Two days ago, I wrote about the need to assess COVID risk for loved ones who reside in nursing homes. For many people, it has been impossible either to remove or even to see their family members in these facilities.
Clearly, nursing homes are one of the largest sources of coronavirus deaths as it has been estimated that almost 1/3 of the US COVID deaths came from these facilities. What was not clear was whether elderly people in these facilities were at risk simply because of their health status or were at increased risk because of their presence in nursing homes.
An analysis from the Centers for Medicare and Medicaid Services released yesterday and data from two new studies provide one of the first organized assessments of COVID-19 infections and deaths in nursing homes. While many of the insights provided reinforced general concerns about these facilities, looking specifically at different types of nursing homes did give new and unique insights into what may be at play with these infections.

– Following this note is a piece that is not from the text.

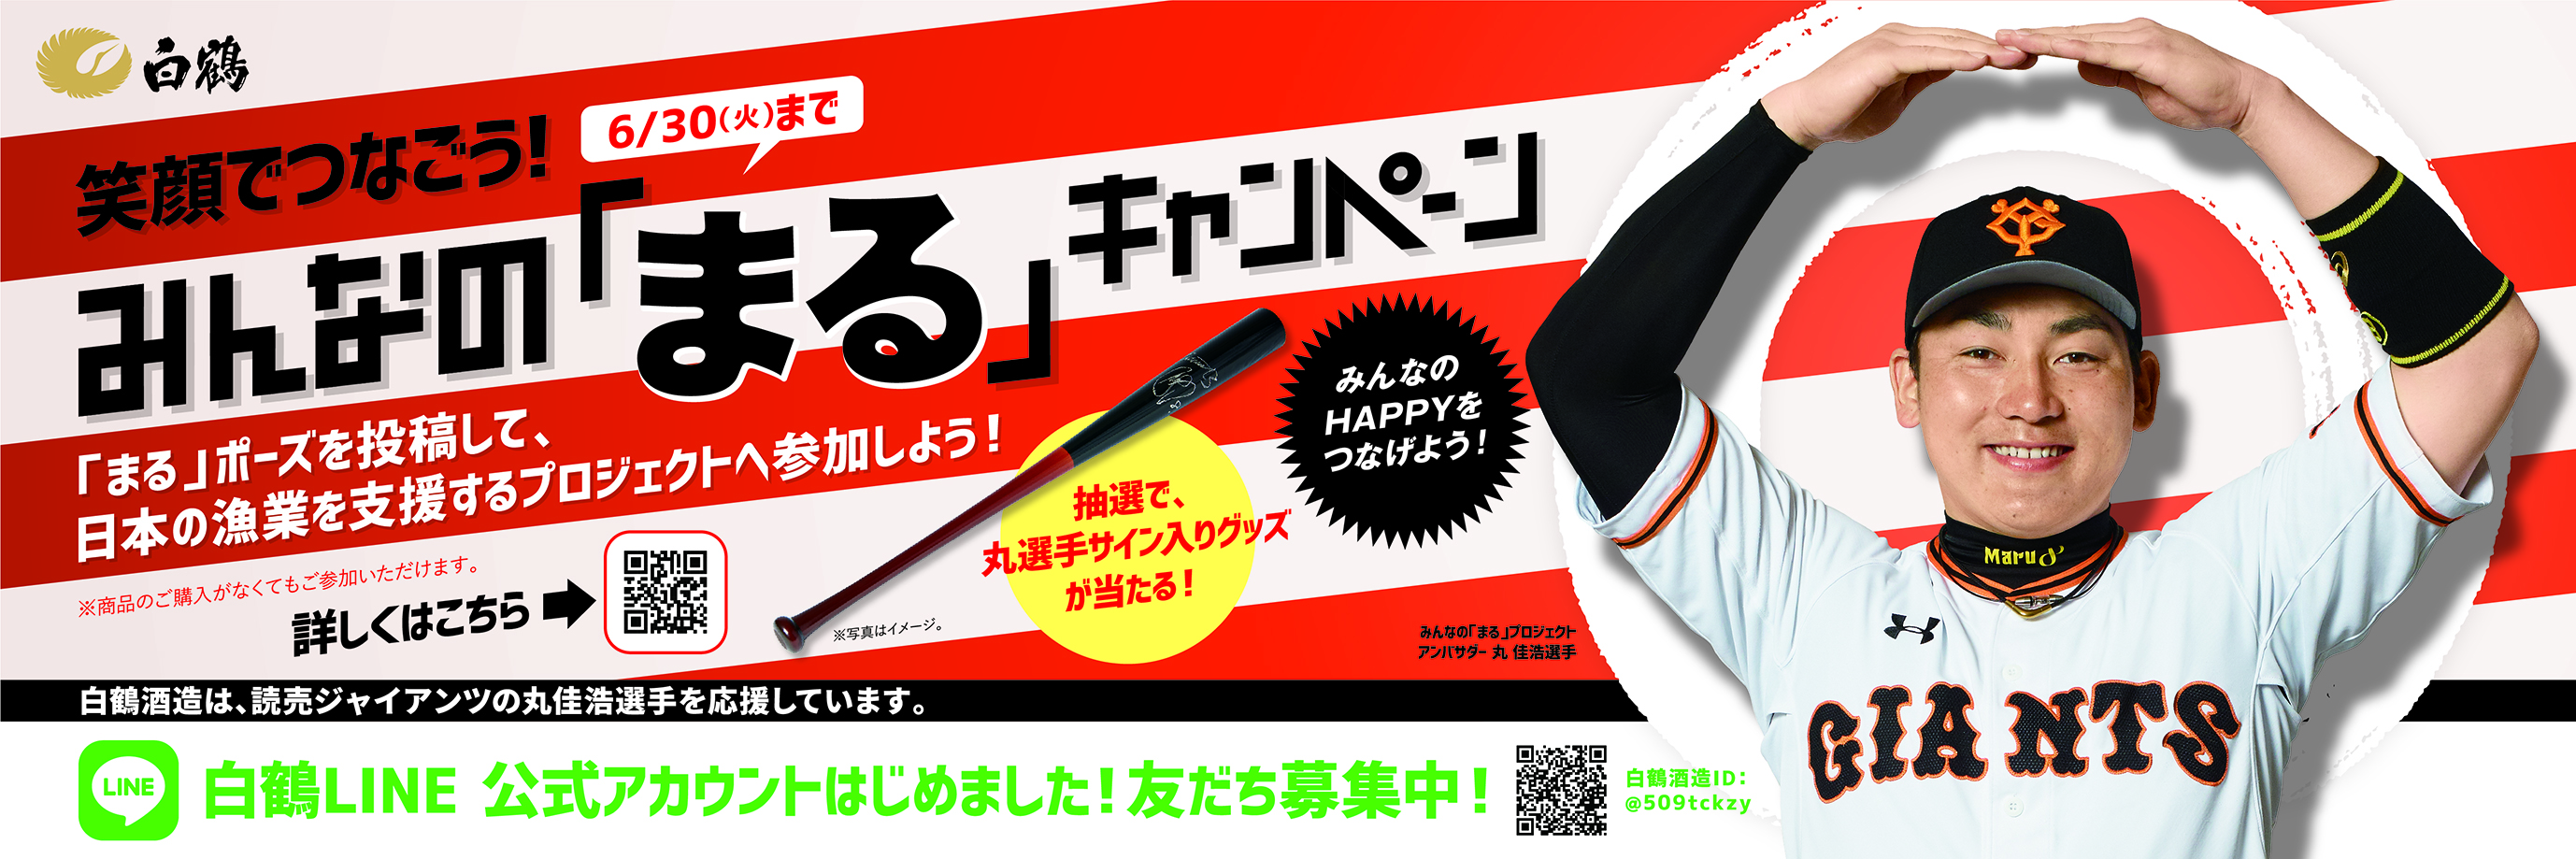 プロ野球ファンに楽しみを 日本の食文化に元気を 読売ジャイアンツ 丸佳浩選手とともに 日本の漁業 を応援 笑顔でつなごう みんなの まる キャンペーン スタート Newscast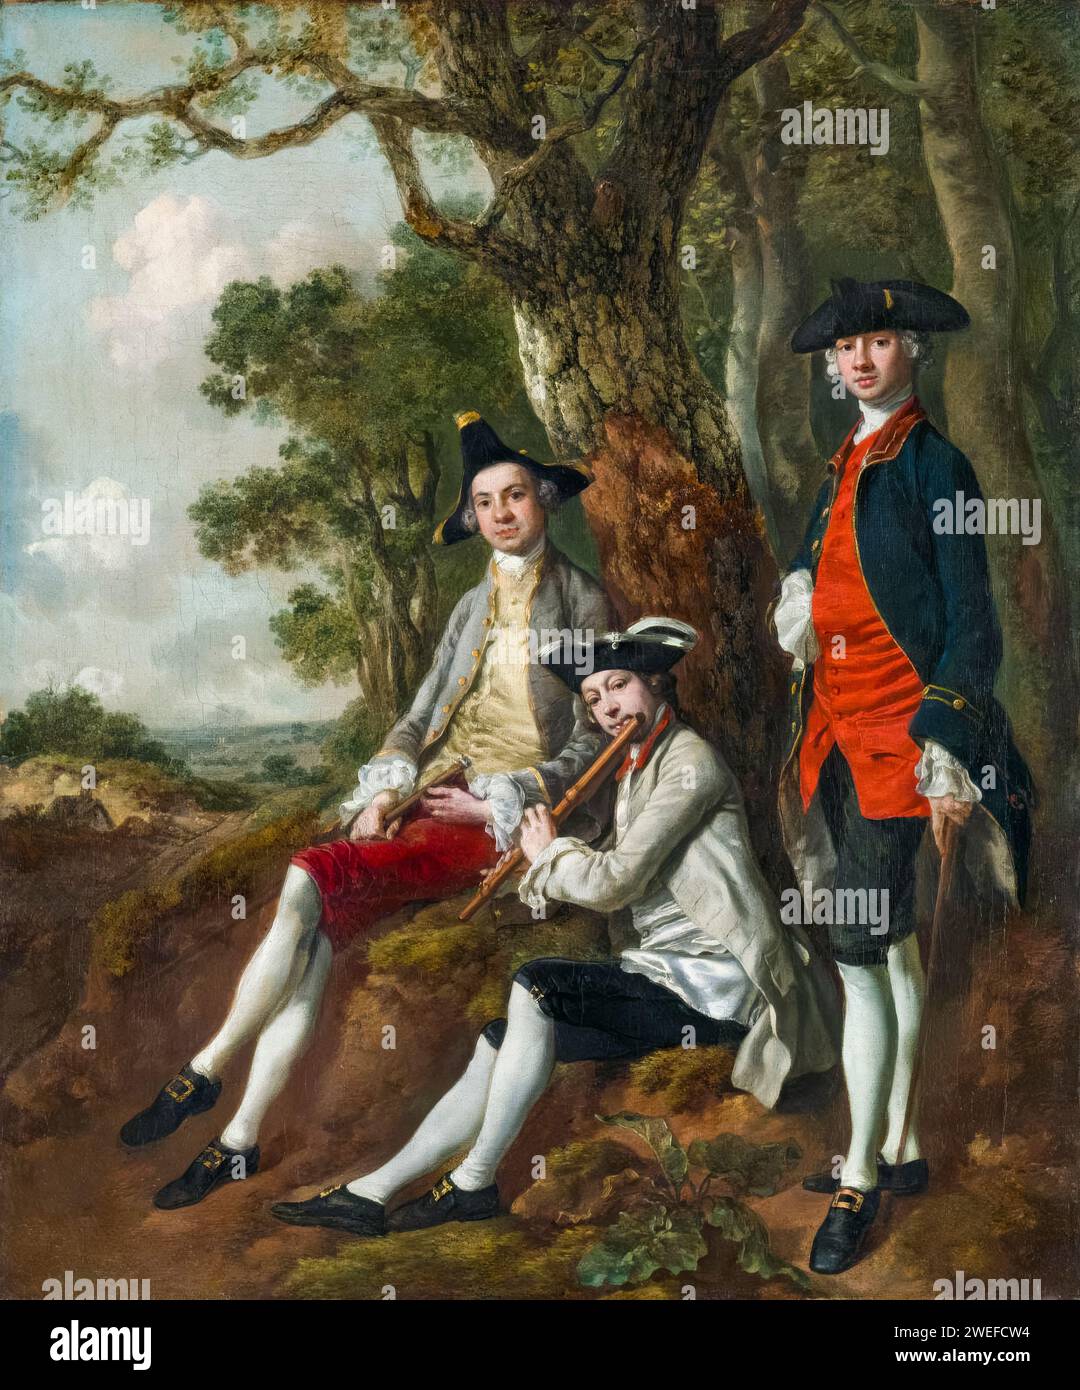 Thomas Gainsborough, Peter Darnell Muilman, Charles Crokatt et William Keable dans a Landscape, portrait à l'huile sur toile, vers 1750 Banque D'Images

THE CMS survey of nursing homes, showed 25,923 resident deaths tied to Covid-19, the disease caused by the virus, and 449 deaths among the facilities’ staff. The survey also found about 95,000 infection cases at nursing homes across 49 states, about a third of them among staff members. But a Wall Street Journal analysis suggested these numbers underestimated the problem.
The May 8 CMS rule that mandated reporting of nursing home COVID statistics didn’t require reporting of deaths and cases that occurred before early May. Also, assisted-living facilities not regulated by CMS were not required to submit any information, though they could do so voluntarily.
Despite this concern, CMS Administrator Seema Verma said in the Wall Street Journal the agency believed that the “vast majority” of nursing homes had in fact provided data from before May 8. CMS did say about 20% of 15,400 nursing homes had not reported the required data by May 24.
In contrast, a WSJ tally of state data from around the U.S. shows more than 42,000 Covid-19-associated deaths in long-term-care facilities, including nursing homes and assisted-living sites, along with more than 200,000 cases. The Journal believed even this number likely undercounts numbers because of reporting lags and incomplete information from some states.
Given that approximately 104,000 deaths nationwide are now linked to Covid-19, nursing homes are providing 40% of that total.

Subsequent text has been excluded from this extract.